It might be expected that a liberal newspaper such as The Independent on Sunday would come to the defence of social workers. And we certainly believe that the lazy prejudice against an occupational group is grossly unfair.

But it should also be apparent that some social workers have fallen short of even basic competence, including those responsible for Baby P. From our interviews with necessarily anonymous social workers on page 12, it should be evident that these are confident, effective and compassionate professionals who can be trusted to do a good job.

Equally, however, it is evident that they have a low opinion of some of their colleagues. They speak feelingly of the difficulties of sacking useless people. That may be the real lesson of the death of Baby P: that effective child protection is about people rather than systems.

Of course, systems are important. It was recently reported that, if surgeons carrying out common operations followed strict protocols of best practice, based on the safety checks carried out by aircraft pilots, thousands of lives a year could be saved. Similarly, it is important to have bureaucratic systems in place to pick up the known signs of a child at risk and to prescribe a set of agreed responses.

But those protocols already exist. In review after review, after every avoidable death of a child, agencies are found to have failed to talk to each other and procedures are found not to have been followed. Recommendations are made that agencies should communicate and that procedures should be tightened; and then it happens again.

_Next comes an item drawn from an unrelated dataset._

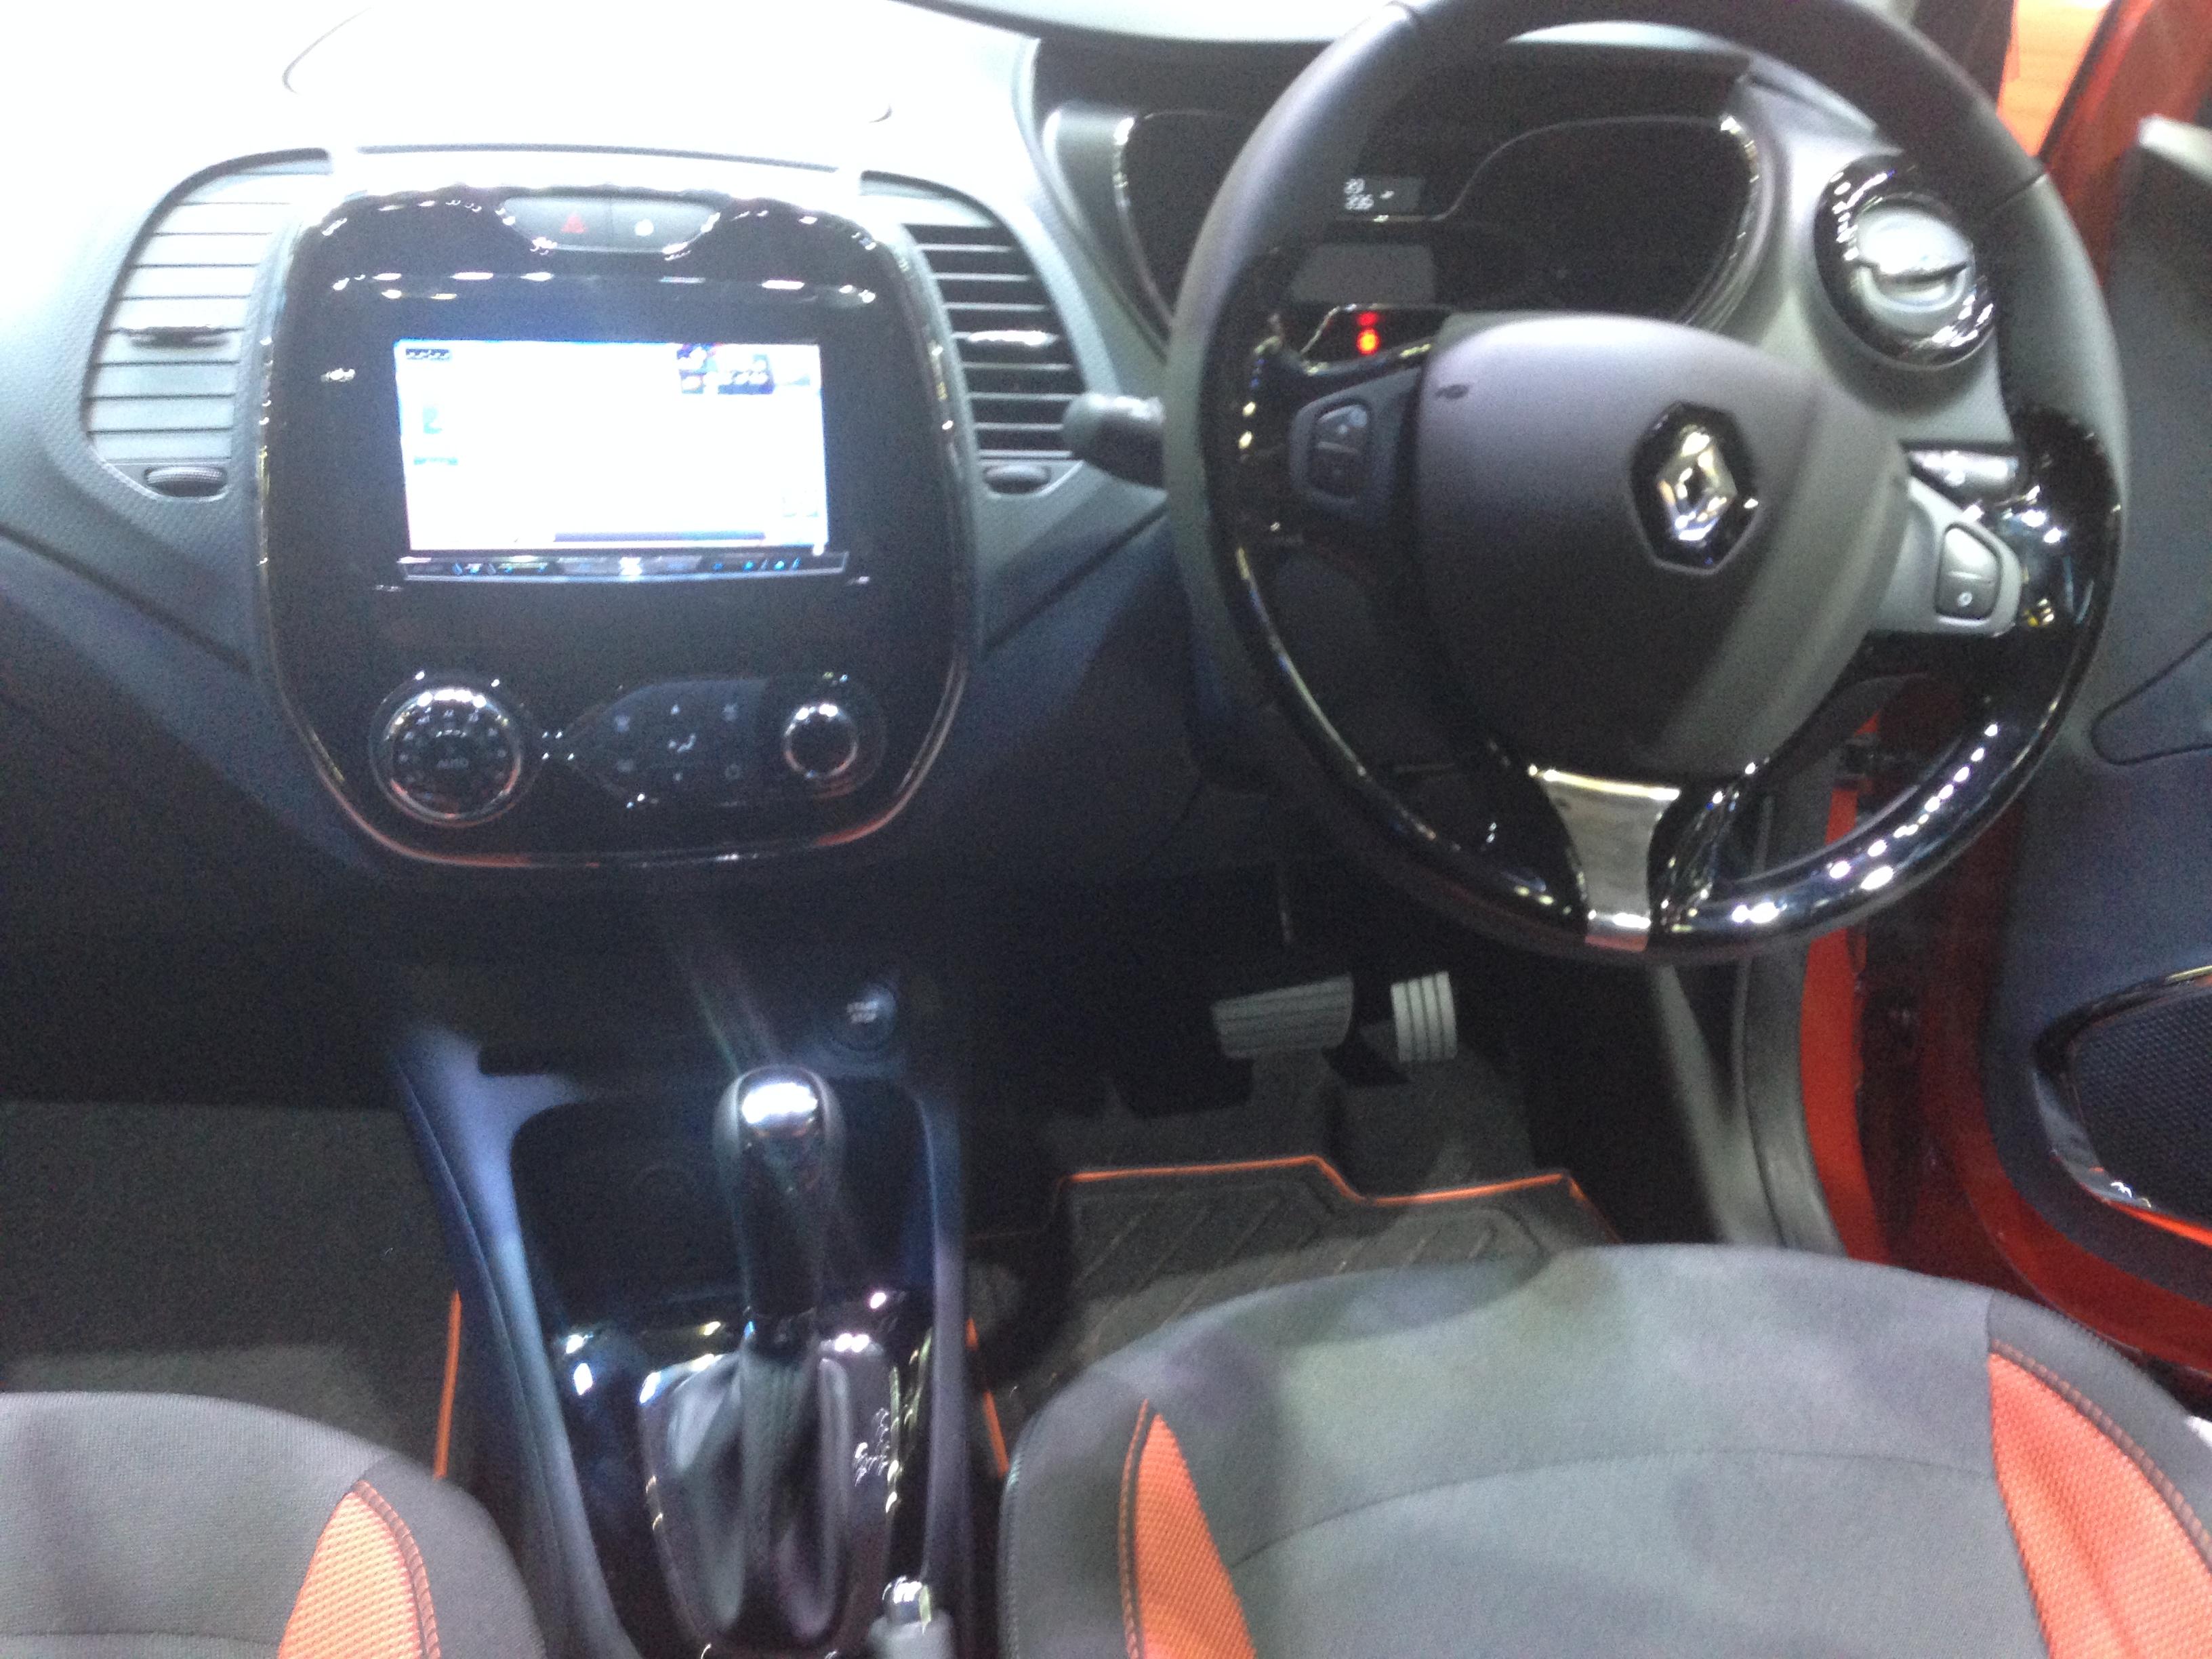 File:Renault Captur interior - Tokyo Motor Show 2013.jpg - Wikimedia ...

Lord Laming's report into the death of Victoria Climbie made the systems error in recommending a national child database, on the assumption that a comprehensive register of all children in the country would ensure that all agencies dealing with any individual child would be co-ordinated. Computer systems are often extreme examples of the dangers of over-reliance on systems generally. This is a little like the electronic organiser fallacy, by which disorganised people think that, if they put all their essential information on one gadget, they will be in control of life. The more likely outcome is that they will lose everything important at once.

Would it not make more sense, this time, to focus on the capabilities of the people required to operate the systems? Several accounts of the failings that allowed Baby P to be killed talk about the drive to achieve inappropriate targets and the pressure of paperwork. But these complaints could simply be evidence of weaknesses among both managers and front-line staff. Managers may be using tick-boxes because they cannot rely on their staff to react appropriately to each individual case.

It seems obvious that, if there is a systemic failure in social work it lies in the low calibre of too many of the people recruited by grateful managers to fill persistent vacancies, and the weakness of quality control in weeding them out once they have been enlisted. The first is hardly surprising, given the bloodsport of hunt-the-scapegoat periodically practised by parts of the press; the second is unfortunately common in the public sector.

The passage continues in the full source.